I'd like the full listing transcribed exactly, with no images included.

§ **Provided data**:
=== Section Start ===

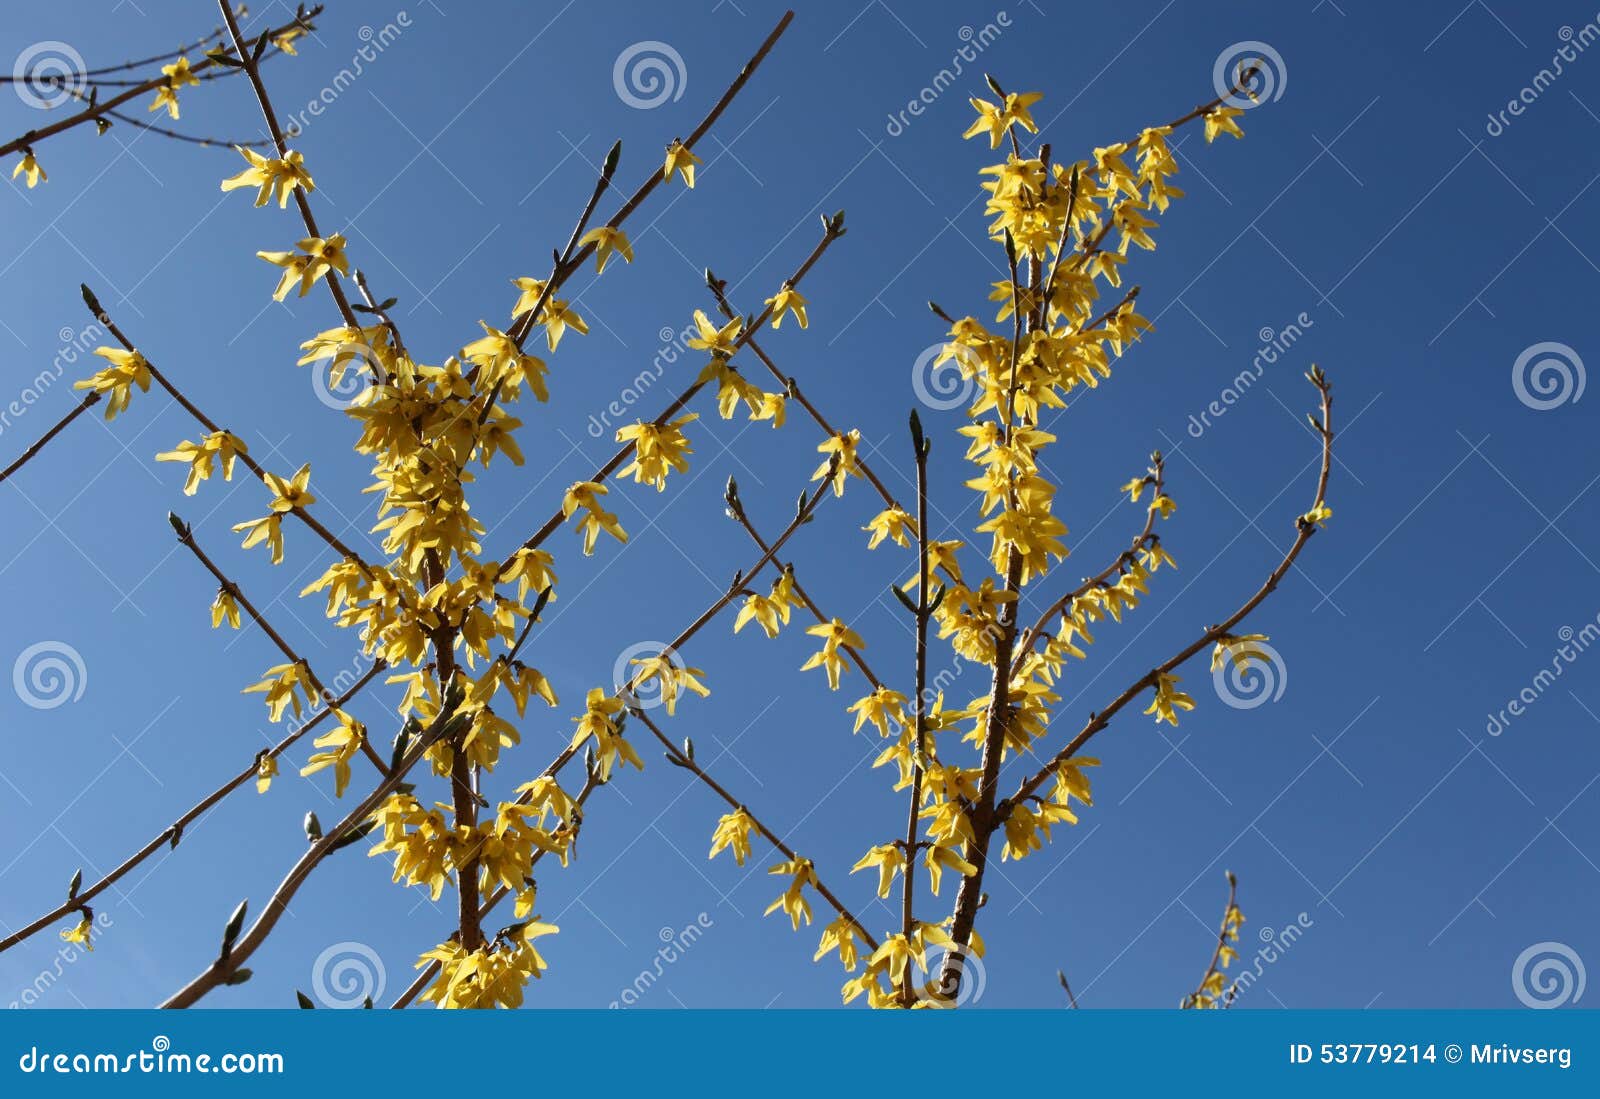 Κίτρινο forthysia λουλουδιών. Κλάδος των φωτεινών κίτρινων λουλουδιών forthysia σε ένα μπλε υπόβαθρο
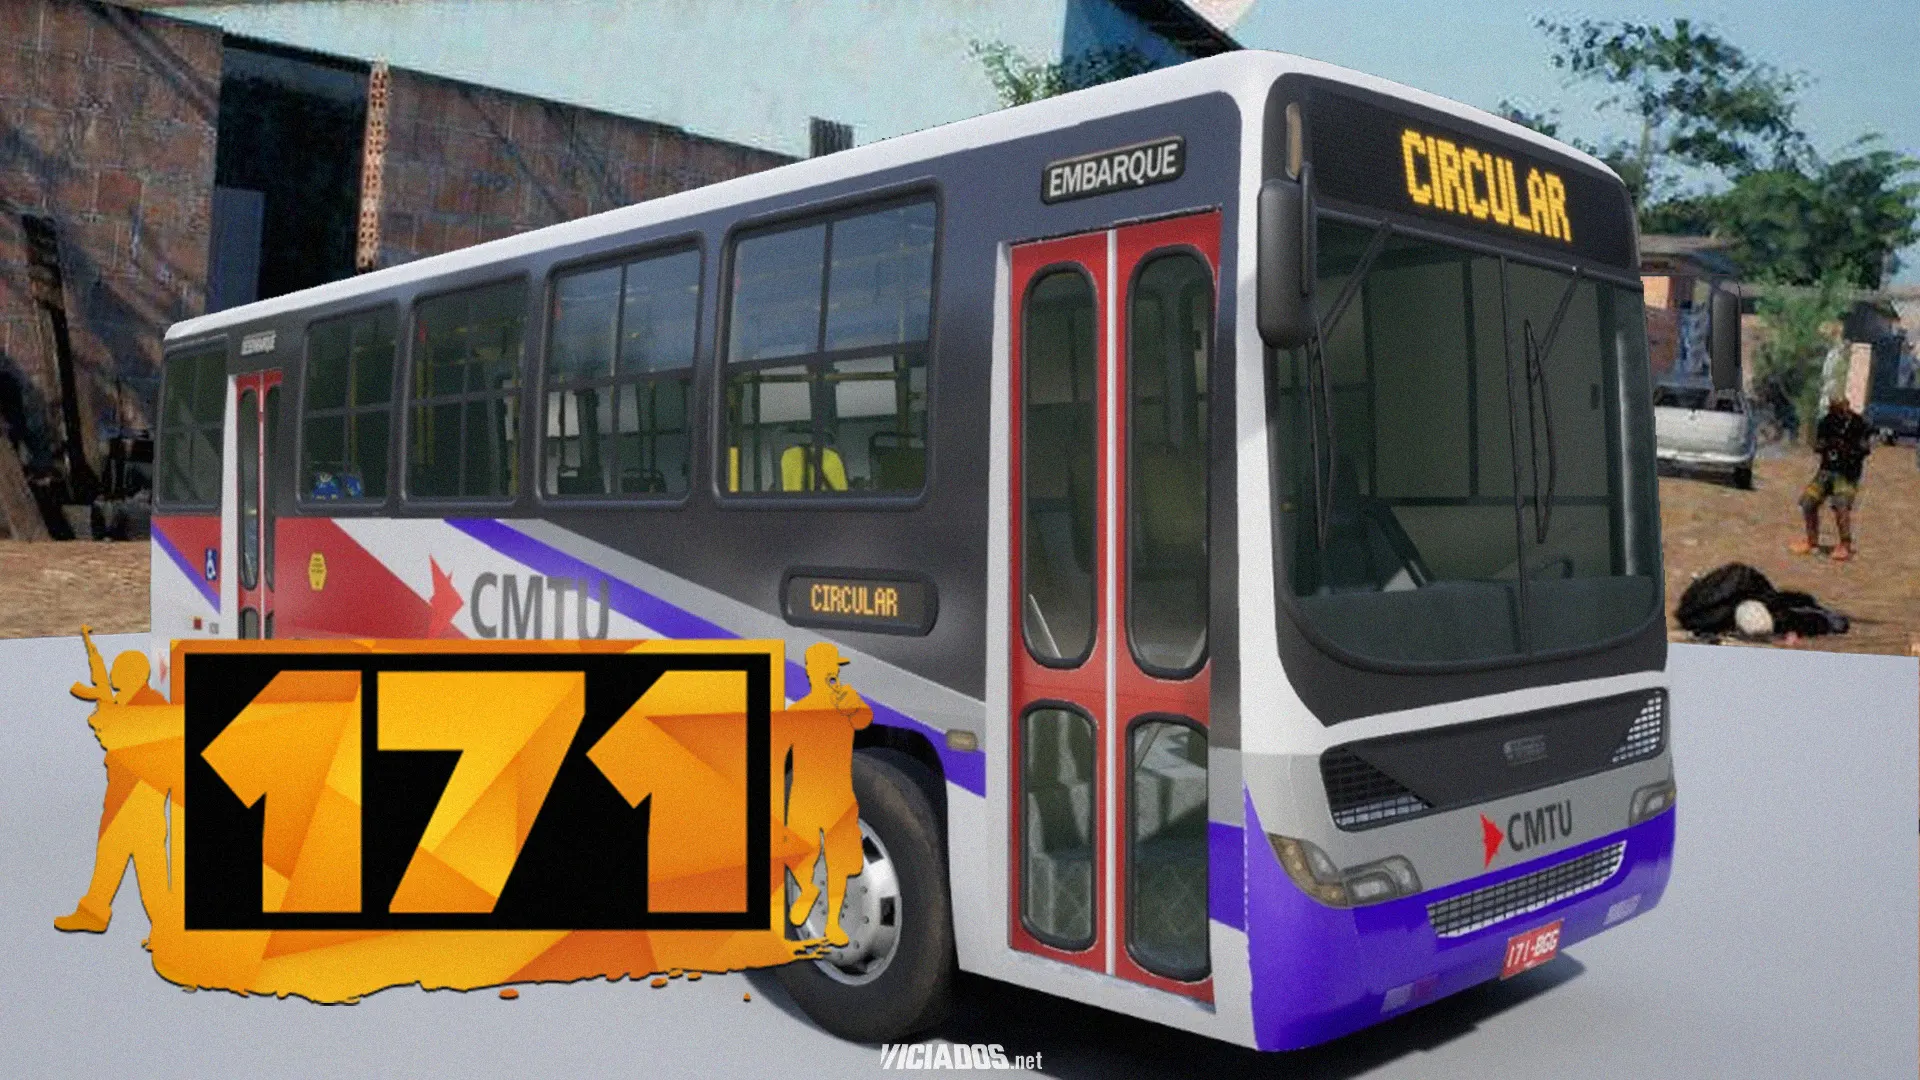 171 | GTA do Brasil vai ganhar update com transporte público; Veja o primeiro teaser 2023 Viciados
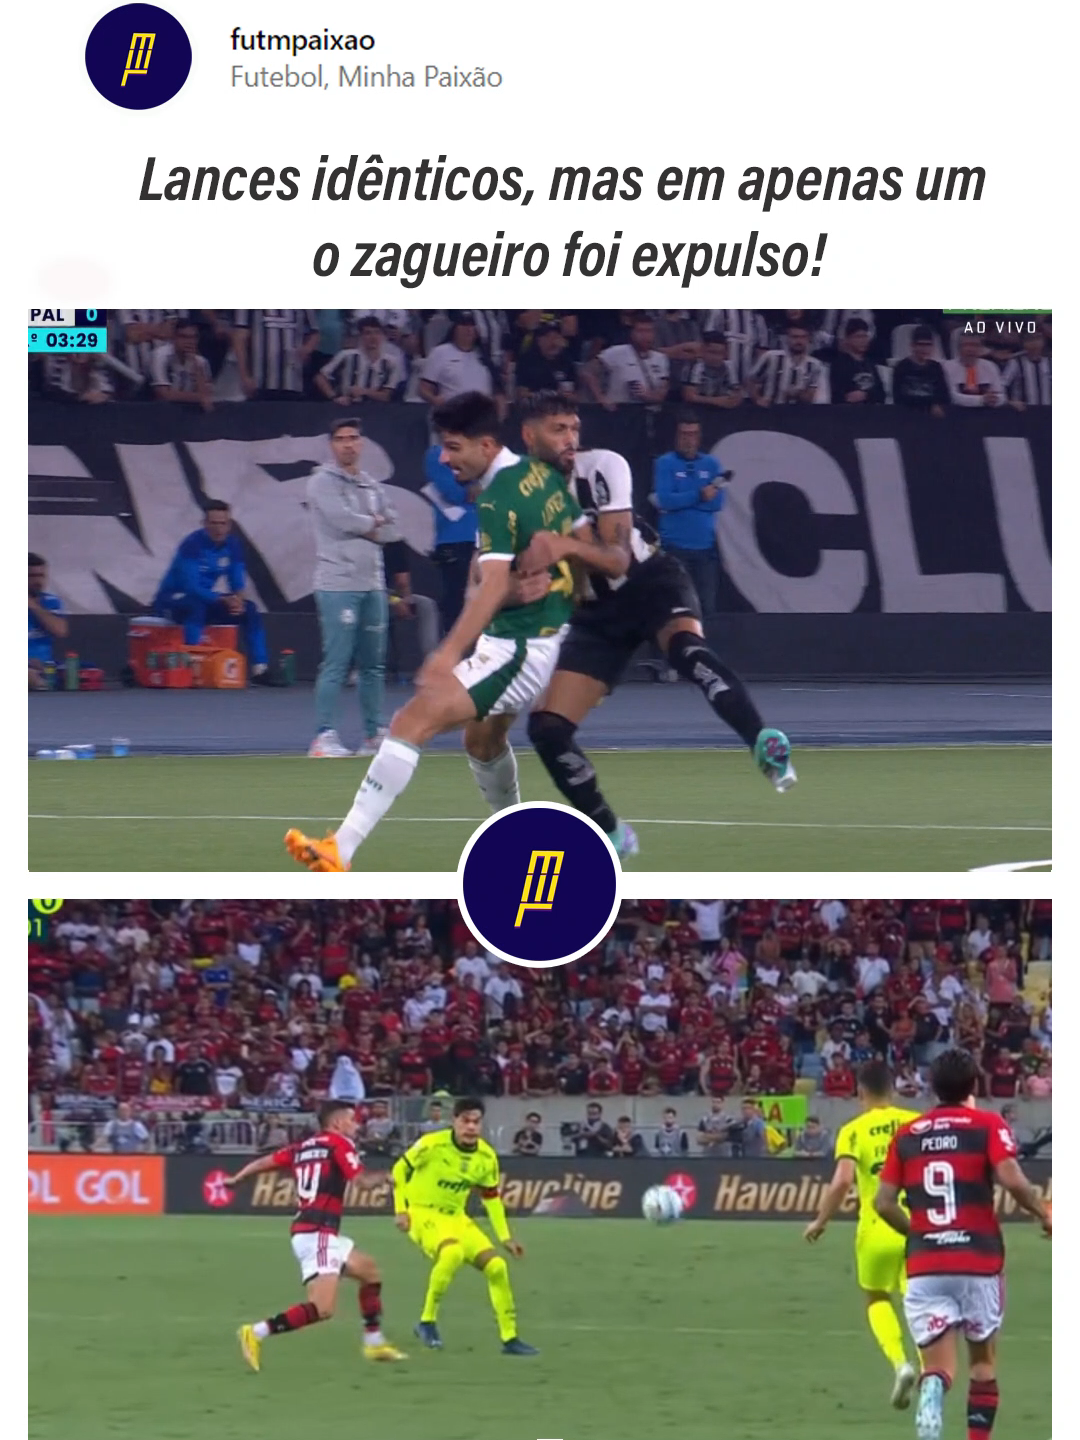 O Palmeiras pediu expulsão para o zagueiro do Botafogo #botafogo #palmeiras
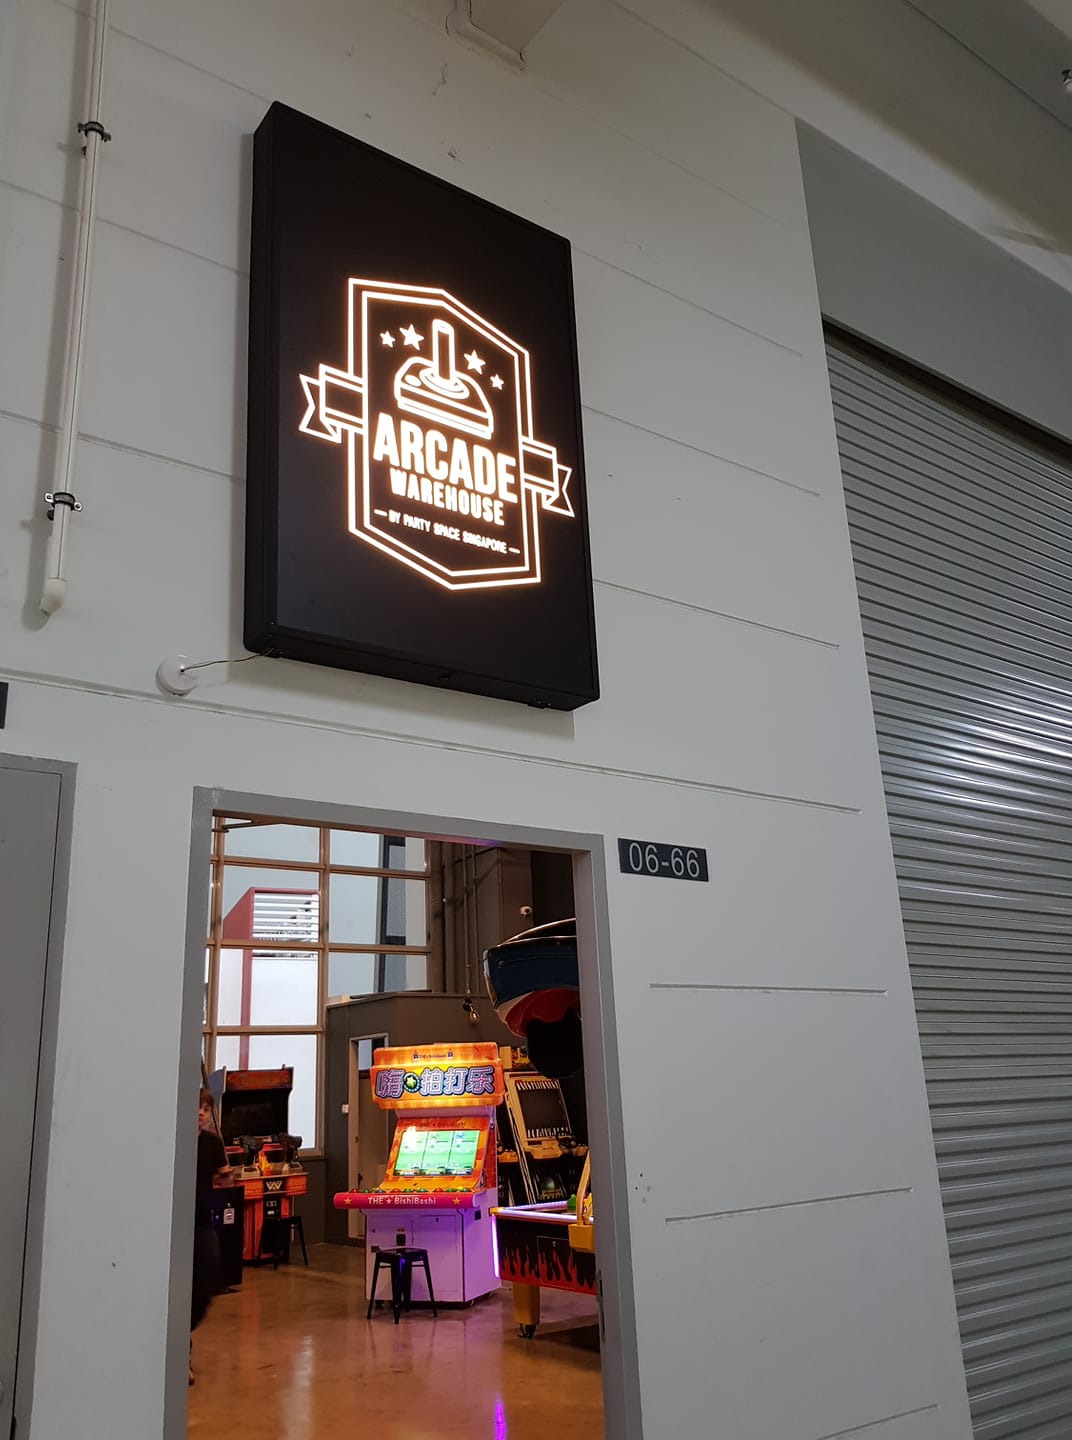 Arcade Warehouse Signage

=== Section End ===

§ **Task solution**:
 Κίτρινο forthysia λουλουδιών. Κλάδος των φωτεινών κίτρινων λουλουδιών forthysia σε ένα μπλε υπόβαθρο
 171 | GTA do Brasil vai ganhar update com transporte público; Veja o primeiro teaser 2023 Viciados
 O Palmeiras pediu expulsão para o zagueiro do Botafogo #botafogo #palmeiras
 Arcade Warehouse Signage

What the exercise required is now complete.